The goal of the project HighPerMeshes is to develop a practically usable domain-specific framework for the efficient, parallel and scaling implementation of iterative algorithms on unstructured grids. Simulation software in the time domain, that falls into this category (e.g. TD-FEM, TD-DG, network simulations), has increasingly been used in scientific and industrial domains in recent years and complements or supplements comparable methods on structured grids. With the results of this project, developers can with moderate effort extend existing source codes in high-level languages by domain-specific library and language elements. The intelligent compiler infrastructure uses domain knowledge to enable performance optimized, highly parallel execution on all relevant modern hardware architectures (Multicore, Manycore, GPU, FPGA), also in heterogeneous systems. Thus, the project offers to many HPC developers from science and industry an easy and sustainable path towards scaling usage of the most efficient current and future target architectures.

Paderborn University is the project consortium manager and involved in all work packages. The focus under the lead of Prof. Dr. Christian Plessl (High-Performance IT Systems) are the optimization and code generation for FPGAs as target platform, as well as the integration of communication end points on FPGAs. The main activity under the lead of Prof. Dr. Jens Förstner (Theoretical Electrical Engineering) are the requirement analysis and co-design from the nanophotonics perspective and the evaluation in this domain.

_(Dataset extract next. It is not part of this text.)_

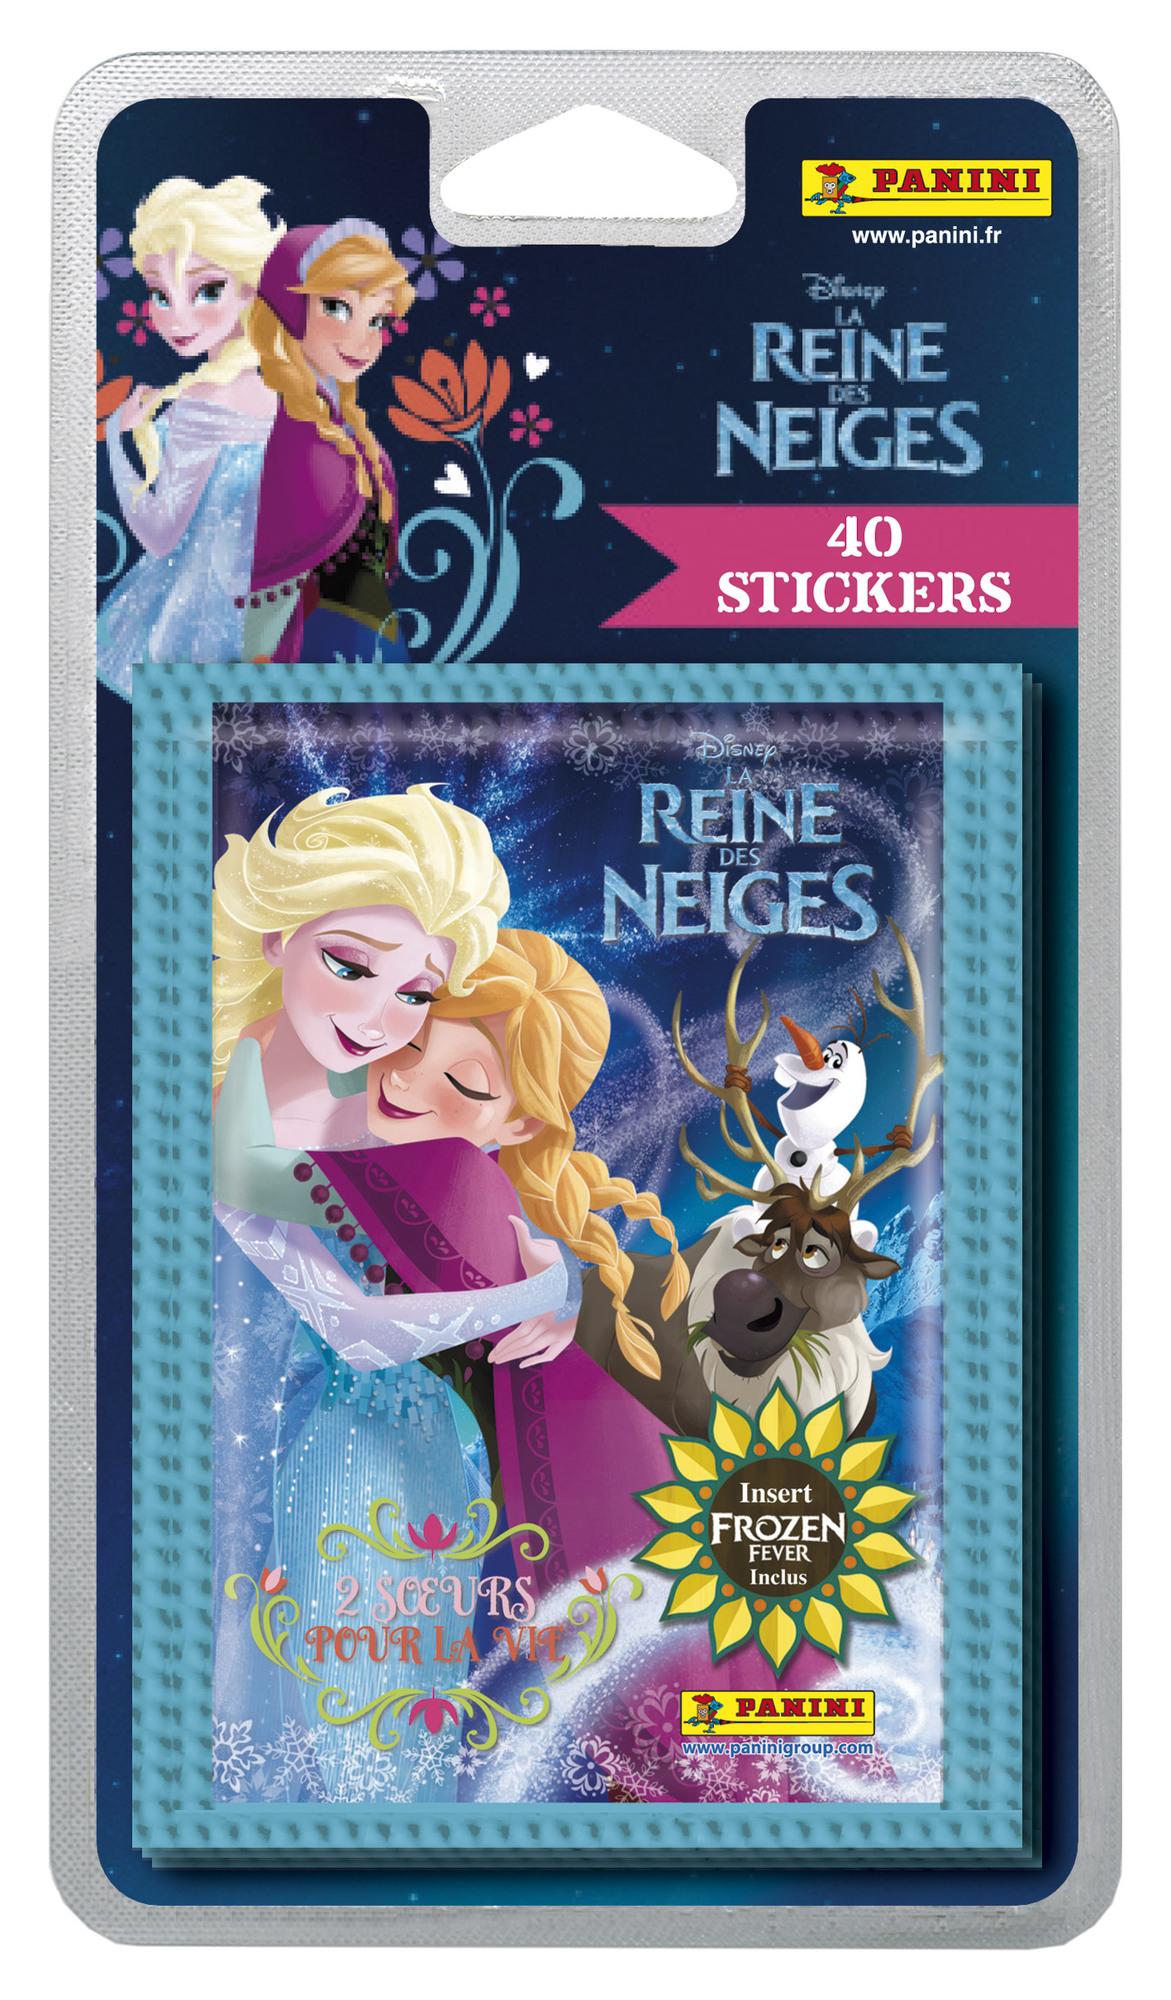 Stickers Panini Reine des Neiges - 40 stickers

Embedding the project into PC2 provides furthermore HPC-infrastructure, and additionally broad expertise and dissemination potential in scientific computing.

Funding: German Ministry for Education and Research, 01|H16005A
Program: 5th HPC Software Call
Runtime: 04/2017–03/2019
Website: TBA

PerficienCC - Performance and Efficiency in HPC with Custom Computing

To improve the energy efficiency of HPC systems they are increasingly augmented with hardware accelerators. The use of accelerators does however fall behind their fundamental performance and efficiency potential. In the PerficienCC project we work at closing this gap in cooperation with computational scientists that are customers of the HPC services at the Paderborn Center for Parallel Computing. We focus on application-specific hardware accelerators based on FPGAs. Through a tight cooperation of FPGA experts in our research group and developers of scientific codes at Paderborn University we will study the potential to accelerate important applications with FPGAs and we will port open-source scientific software to FPGAs. Additionally, we will provide generalized code with FPGA support as libraries to the community and will generate training material to educate computational scientists in this area. Our project aims at making FPGA technology more accessible and providing an empirical evaluation of the benefit of FPGAs for HPC and data center applications.

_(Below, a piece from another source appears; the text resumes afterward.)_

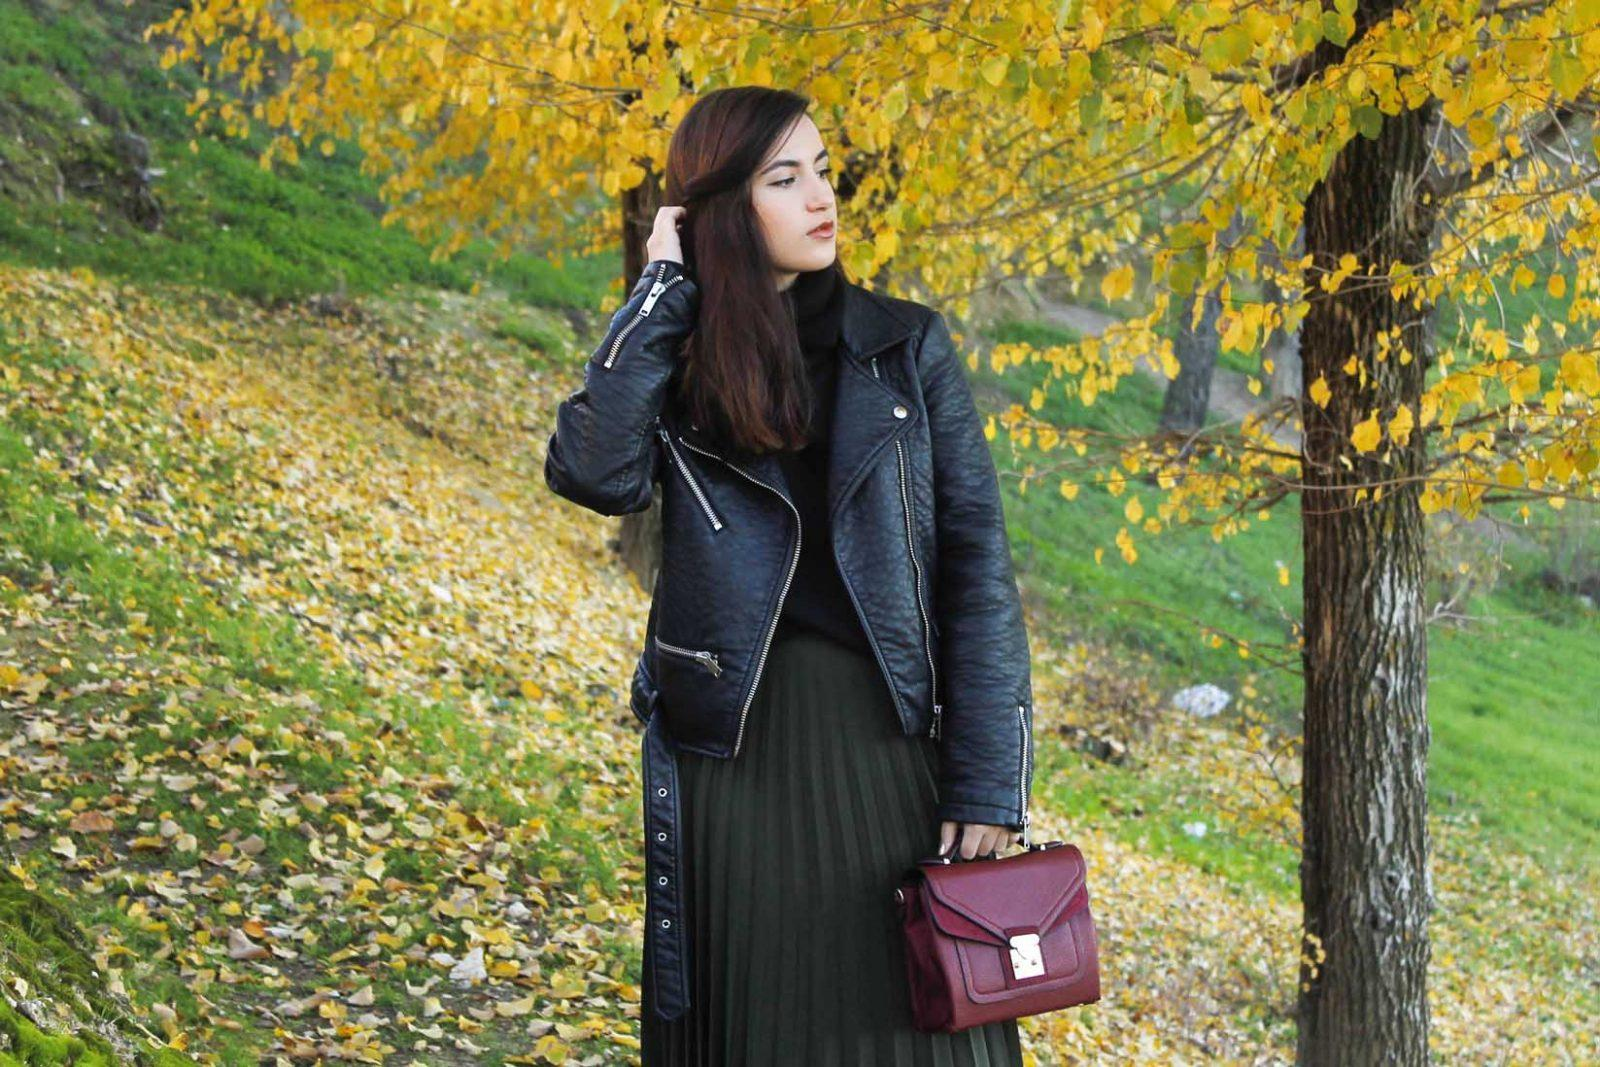 marikowskaya-street-style-deire-falda-plisada-negra-1

Funding: Germany Science Foundation
Program: Performance Engineering für wissenschaftliche Software
Runtime: 6/2017 (planned) - 5/2020

On-the-Fly Hardware Acceleration – subproject of the Collaborative Research Center 901 'On-the-Fly Computing'

The objective of CRC 901 – On-The-Fly Computing (OTF Computing) – is to develop techniques and processes for automatic on-the-fly configuration and provision of individual IT services out of base services that are available on world-wide markets. In addition to the configuration by special OTF service providers and the provision by what are called OTF Compute Centers, this involves developing methods for quality assurance and the protection of participating clients and providers, methods for the target-oriented further development of markets, and methods to support the interaction of the participants in dynamically changing markets.

Our contribution to the CRC 901 is to study whether on-the-fly compute centers that execute configured and composed IT services can optimize the execution by leveraging accelerators based on reconfigurable hardware. We assume that composed services will only be available as binaries, hence the process of offloading computations to hardware accelerators must operate on binary applications and needs to be completely transparent to the user. Our objective is to analyze, whether such a transparent optimization is feasible and if so, to determine the potential as well as the limitations of this approach.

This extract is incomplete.